At present over ten thousand different alloys find wide application in industry. Thermal and nuclear power stations use highly refractory alloys of enhanced strength. Electronic, semiconductor and laser technologies require alloys of the highest purity, up to 99.999% pure. Alloys showing a rare combination of physical and chemical properties are used in precision machine-building, automatics and in a number of other applications.

1. Find in the text English equivalents for the following words and word-combinations:

Первинний елемент, для виготовлення зброї, відповідно, міцність на розрив, особливе застосування, істотно, низька точка плавлення, пластичність, крім того, витримувати ударні навантаження, надзвичайно, хімічна активність, у той час як, основний метал (сплаву), чистота, підвищена міцність, точне машинобудування.

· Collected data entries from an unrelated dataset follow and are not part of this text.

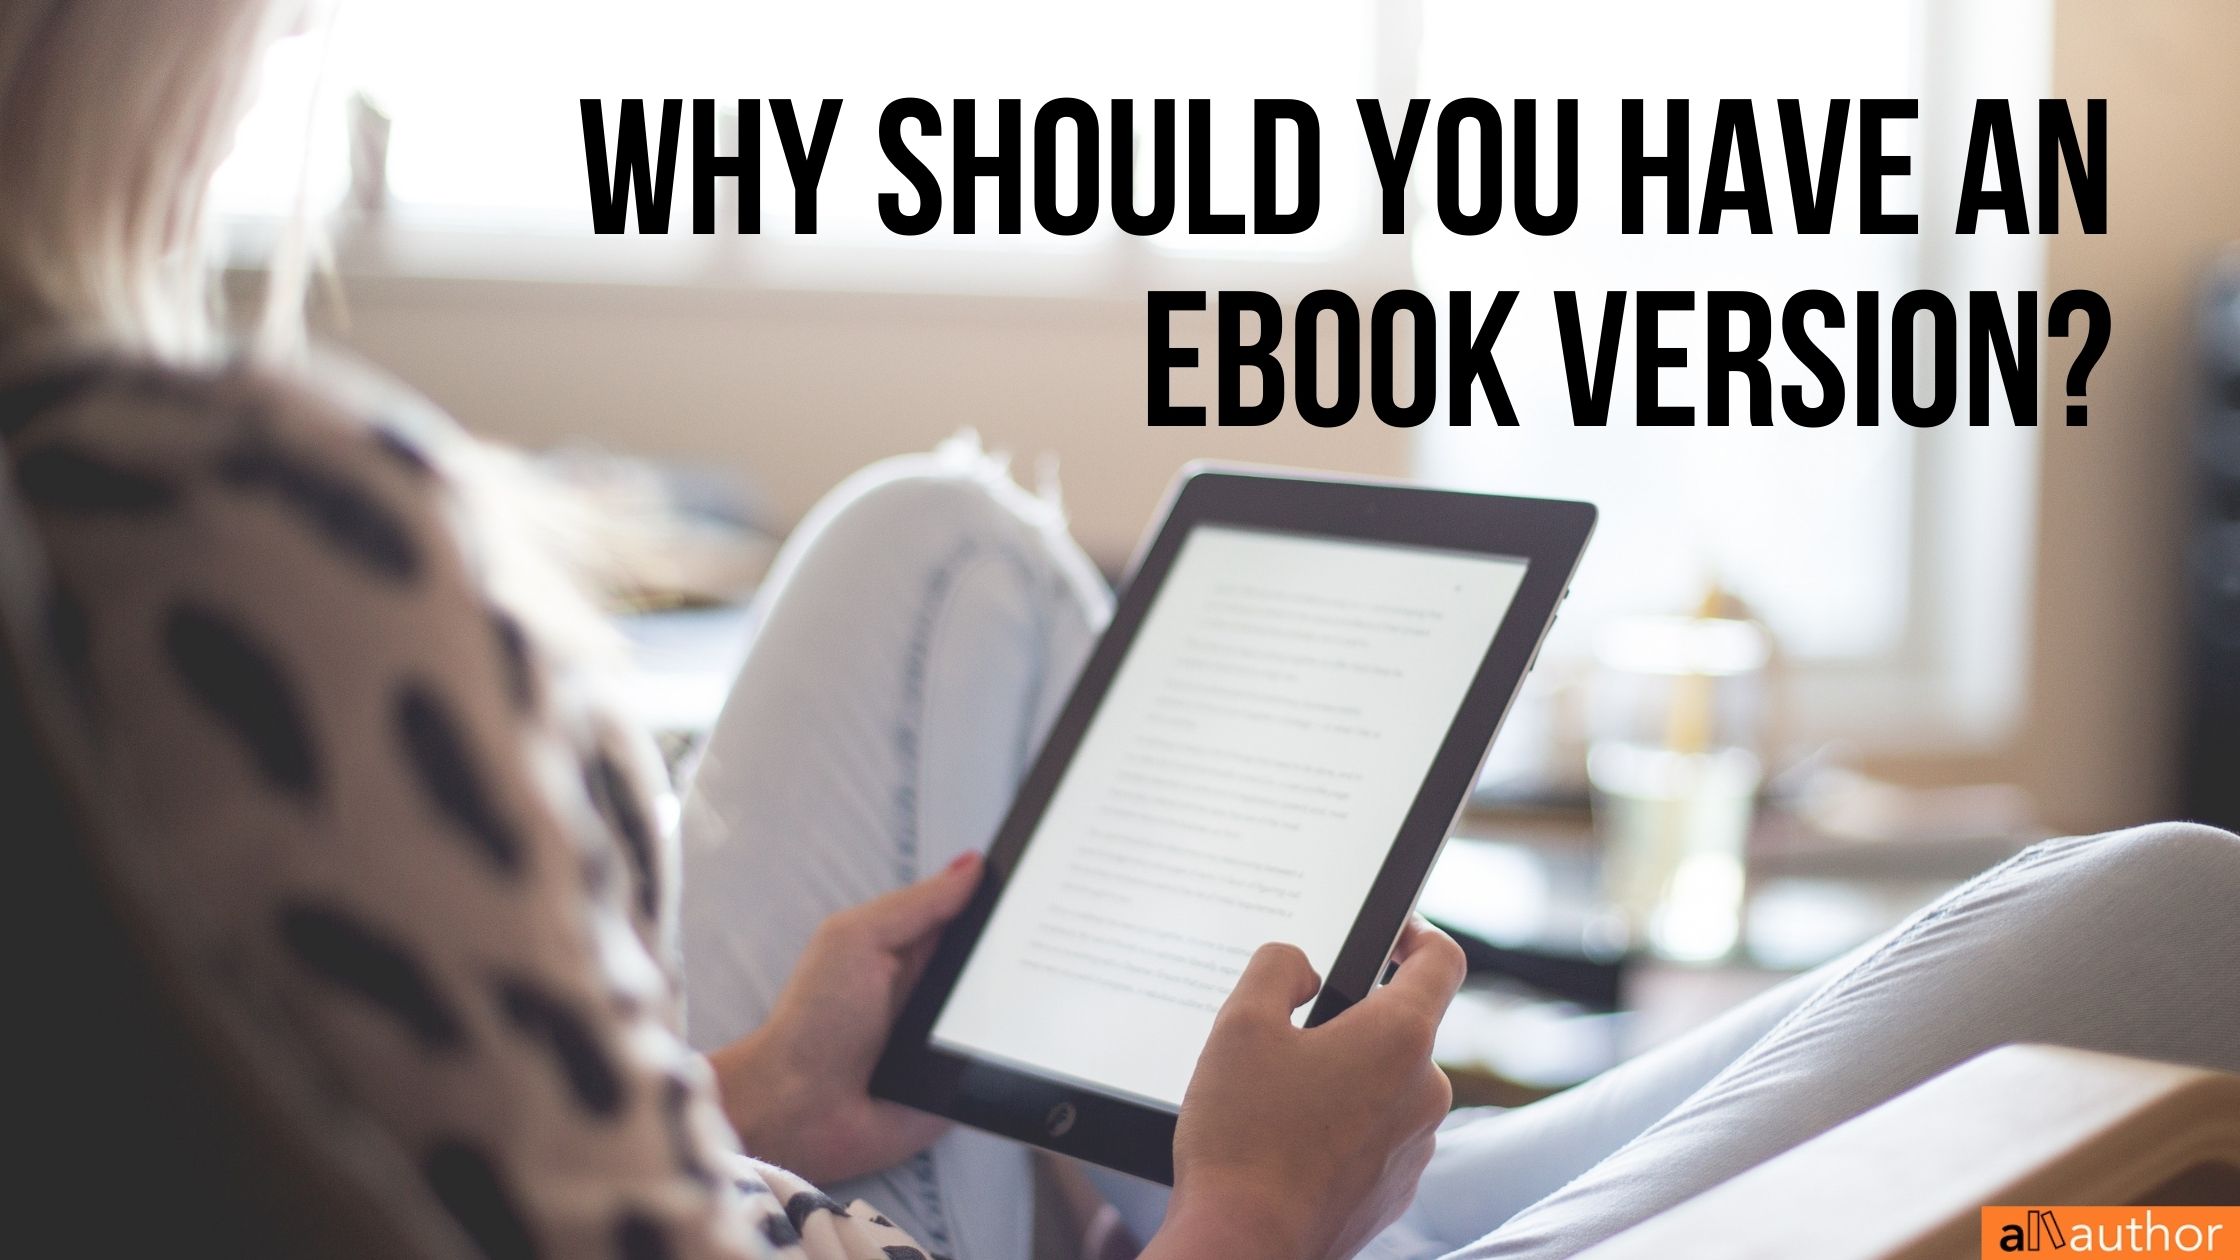 Why Should You Have an eBook Version?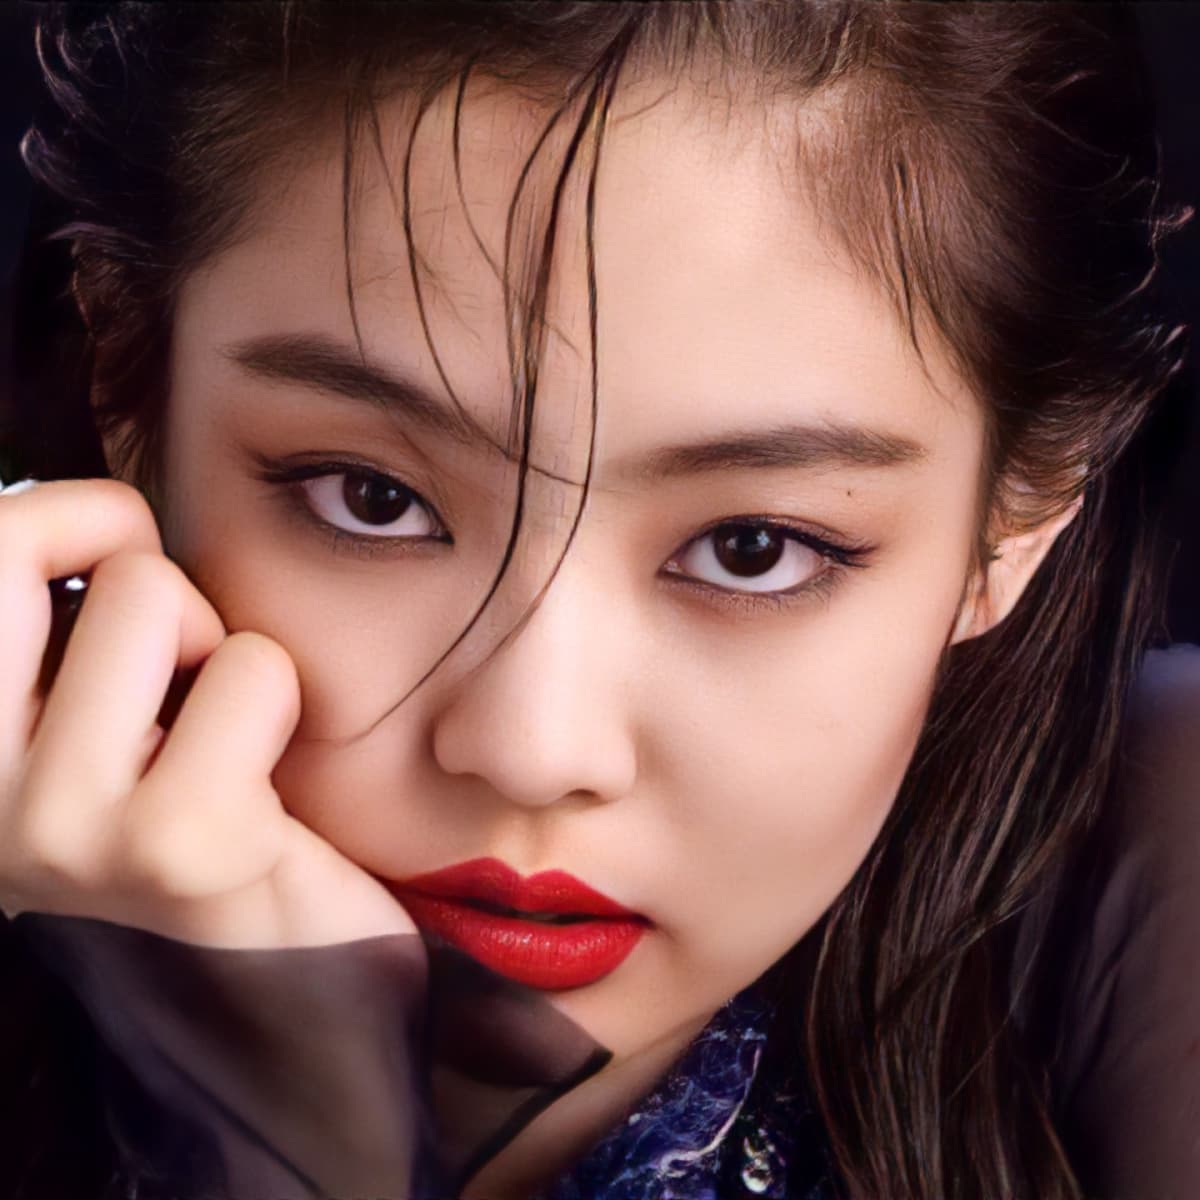 Things that reveal just what 'typa girl' BLACKPINK's Jennie Kim is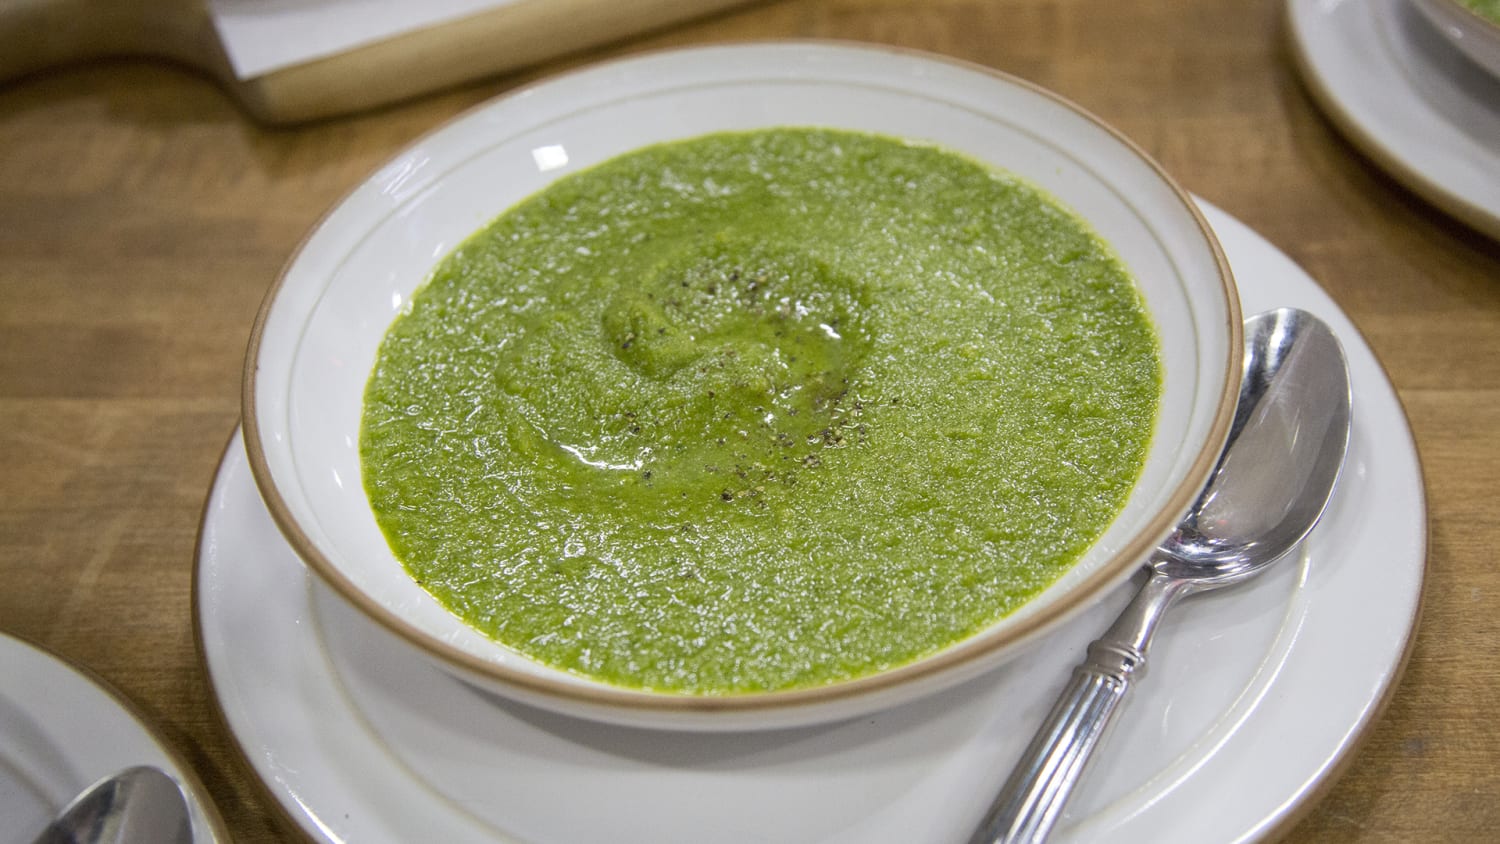 https://media-cldnry.s-nbcnews.com/image/upload/newscms/2018_10/1322592/green-soup-today-tease-180306.jpg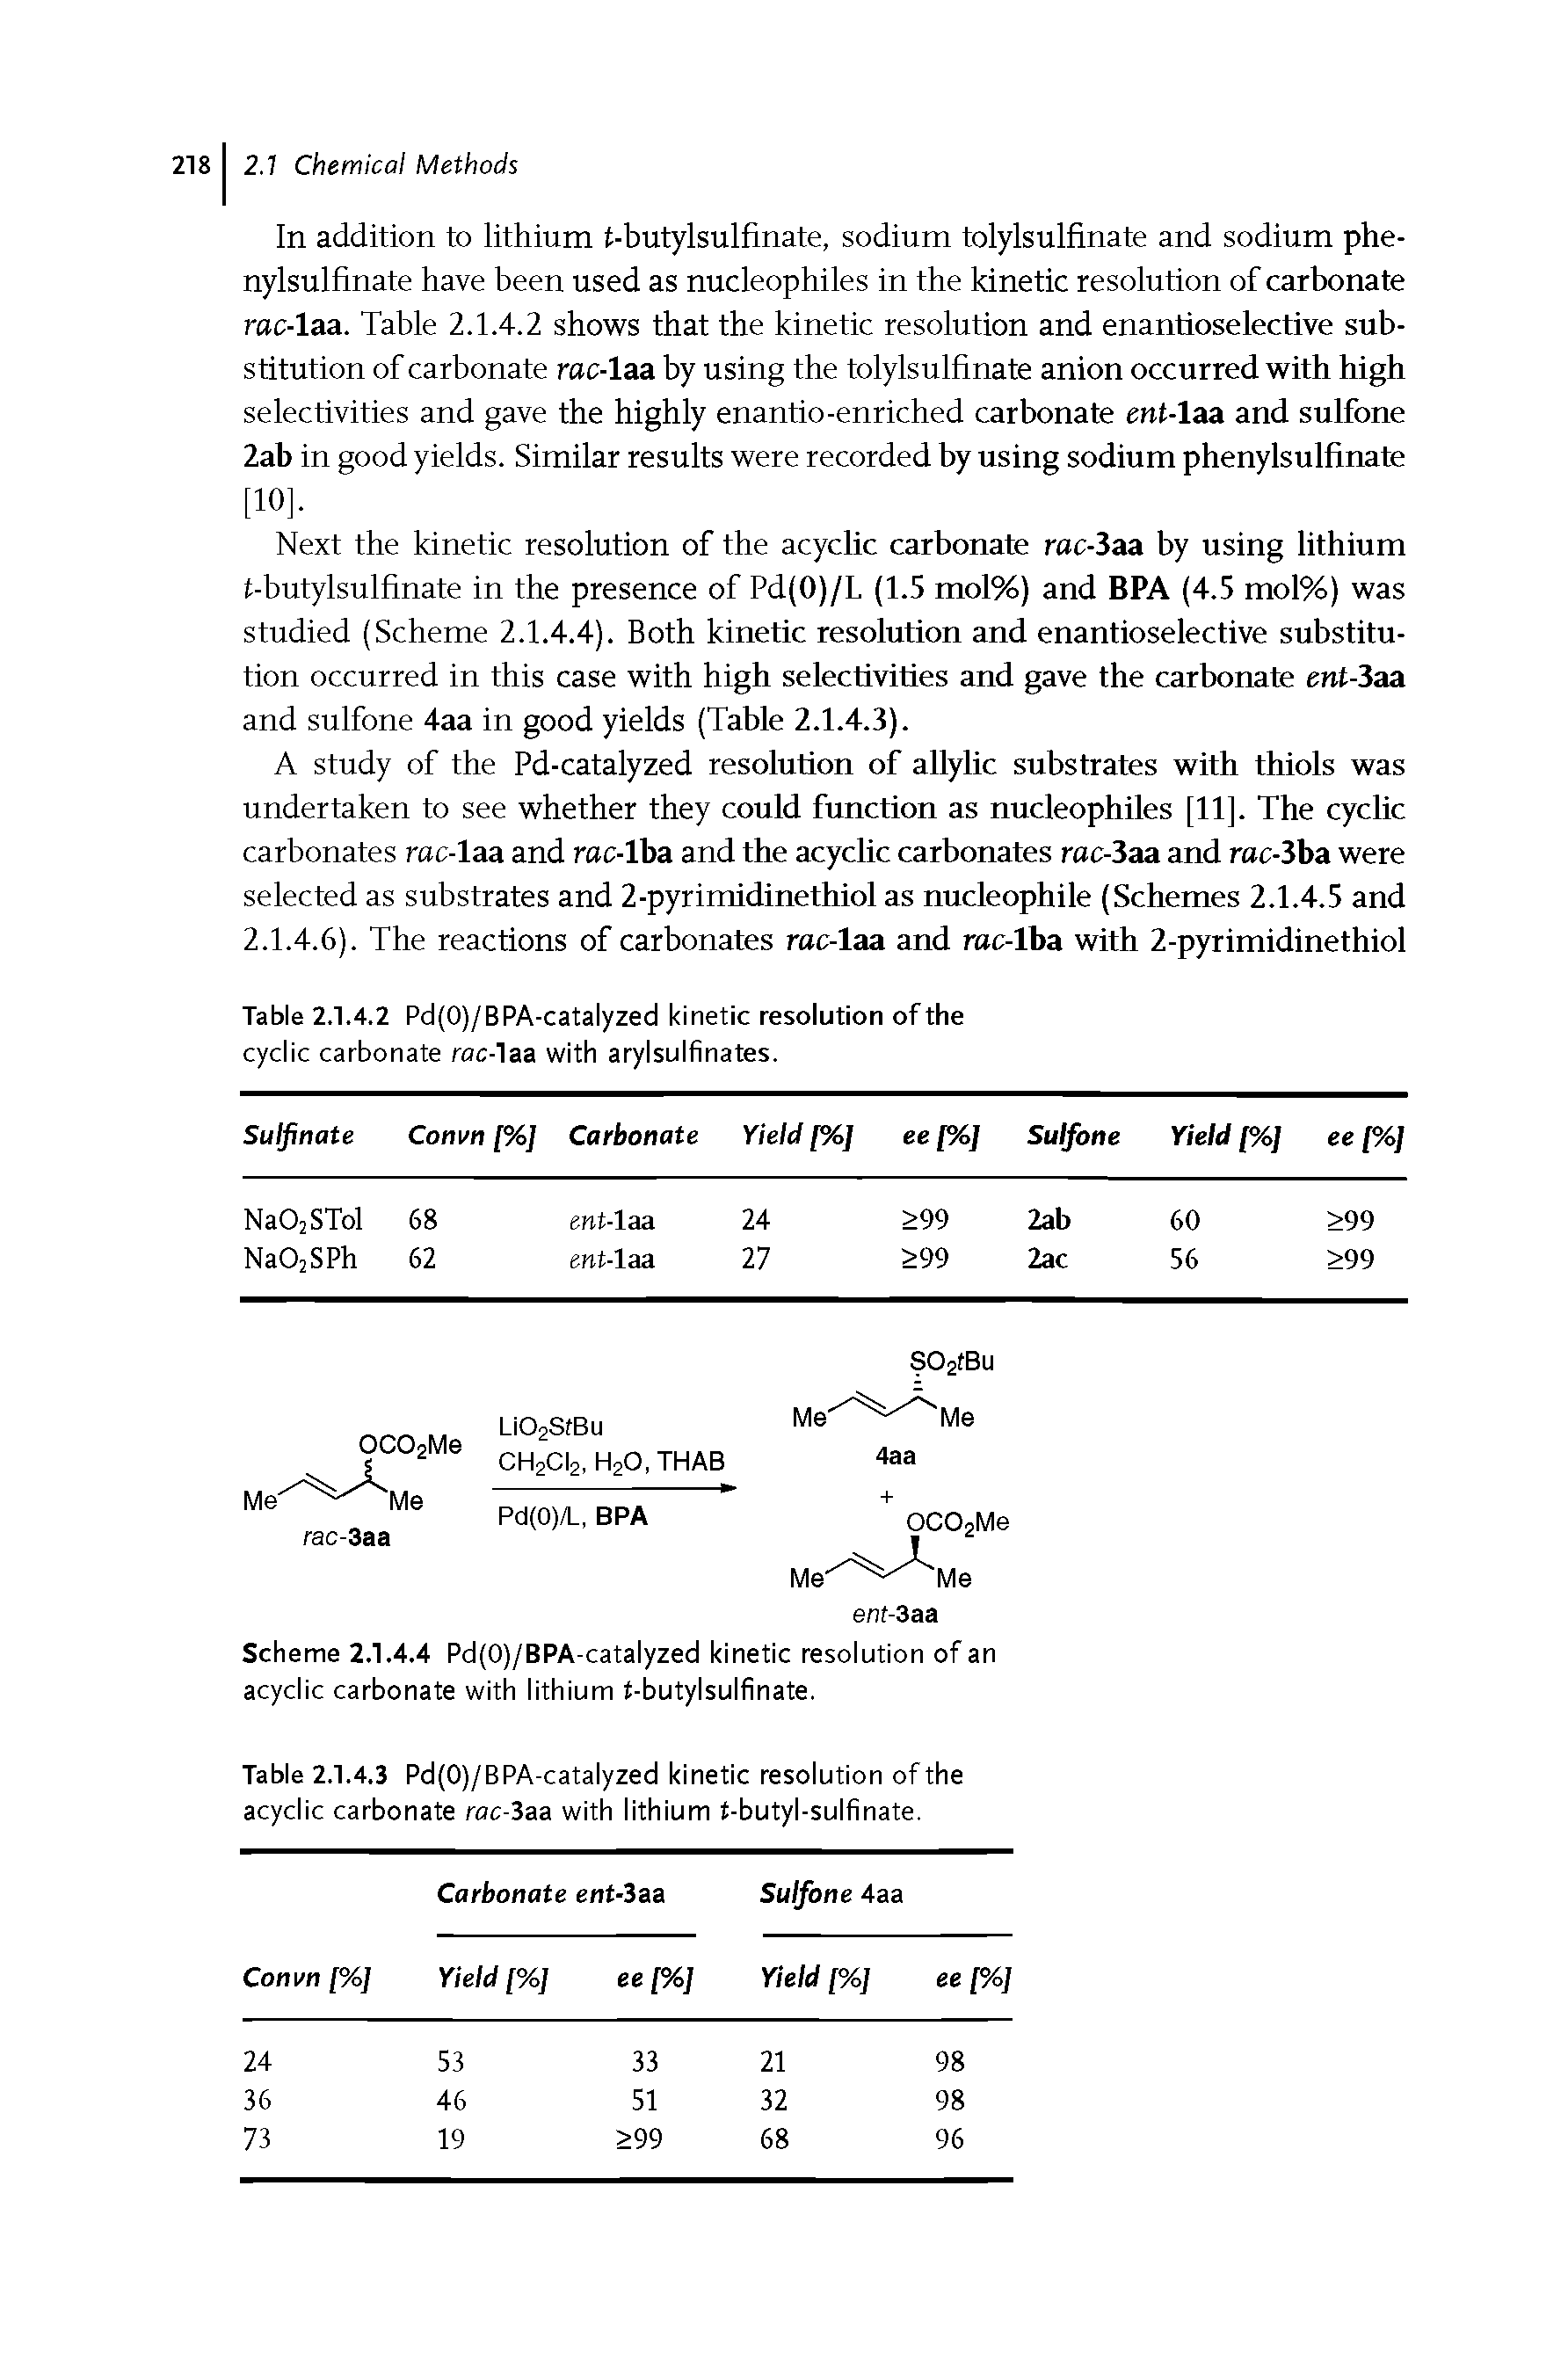 Table 2.1.4.2 Pd(0)/BPA-catalyzed kinetic resolution of the cyclic carbonate rac-laa with arylsulfinates.

1. Answer the following questions:

1. What is an alloy?

2. How many components can alloys consist of?

3. What factors do properties of alloys depend on?

4. What types of alloys do you know?

5. What can you say about mechanical mixtures?

6. Where are mechanical mixtures used?

7. What useful properties of solid solutions do you know?

8. Where are solid solutions used?

9. What are the advantages and disadvantages of chemical compounds?